Execution provider failures usually show up in these scenarios:

  • CUDA version mismatch: You've got CUDA 12.x installed, but the onnxruntime-gpu package was built for CUDA 11.8. The provider fails silently and FaceFusion falls back to CPU without telling you.

  • Missing onnxruntime-gpu: You installed the regular onnxruntime package instead of onnxruntime-gpu, which doesn't include GPU execution providers at all.

  • TensorRT first-run optimization: TensorRT compiles optimized graphs on first use. This can take 10-30 minutes or longer, and people often think it's frozen or crashed.

  • Unsupported ONNX operations: Some models use operations that the GPU provider doesn't support. ONNX Runtime offloads these to CPU, causing constant CPU-GPU data transfers and major slowdowns.

  • Apple Silicon configuration: macOS users on M1/M2/M3 chips need CoreML as their execution provider, but it won't load if Xcode command-line tools are missing or if you installed the wrong onnxruntime package.

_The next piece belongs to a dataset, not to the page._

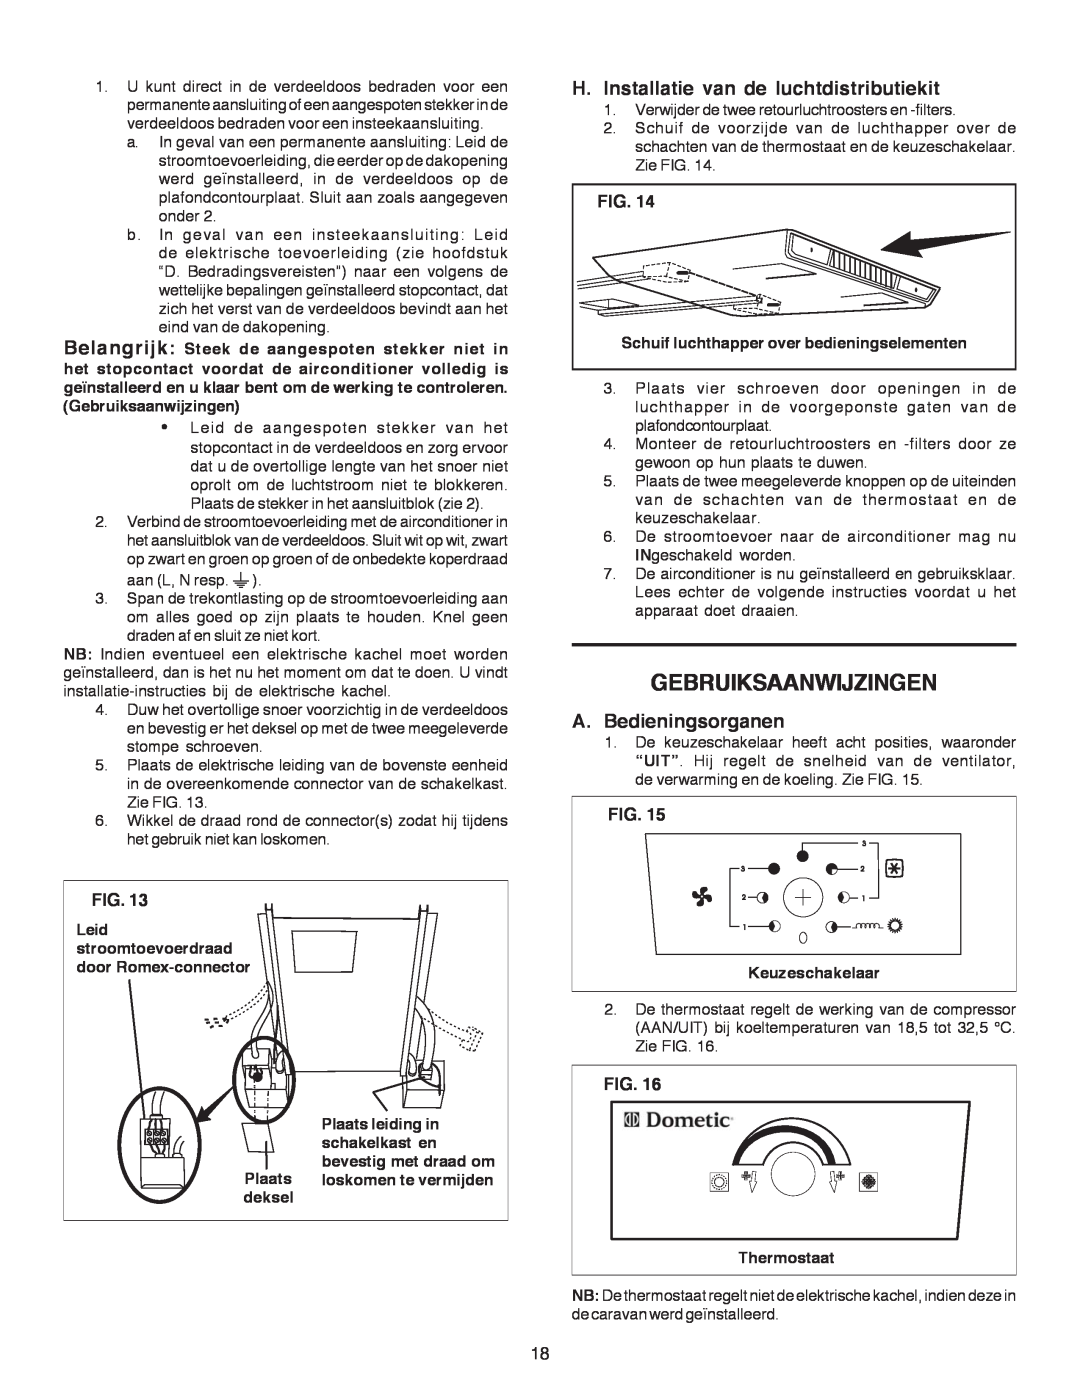 Dometic B3200 manual Gebruiksaanwijzingen, H.Installatie van de luchtdistributiekit, A.Bedieningsorganen, Fig

  • Intel GPU without OpenVINO: If you have Intel integrated or Arc GPU, you need OpenVINO as your execution provider. Without it, FaceFusion just defaults to CPU.


Why this happens

1. Execution providers are not interchangeable

Each execution provider is a separate backend compiled for specific hardware:

FaceFusion can't use CUDA if the CUDA provider isn't compiled into your installed ONNX Runtime package. It's that simple.

2. Silent fallback to CPU

Here's the sneaky part: when a GPU execution provider fails to initialize, ONNX Runtime doesn't crash. It just quietly falls back to the CPU provider. You only notice when processing takes 10-50x longer than expected. FaceFusion's logs might show the fallback, but it's easy to miss if you're not looking.

3. Partial GPU execution

Some models have operations that the GPU provider doesn't implement. When this happens, ONNX Runtime runs those operations on CPU and copies data back and forth. This can actually be slower than running the whole model on CPU because of the data transfer overhead. CodeFormer is a common example—it uses operations that CUDA doesn't fully accelerate, causing CPU fallback for parts of the model.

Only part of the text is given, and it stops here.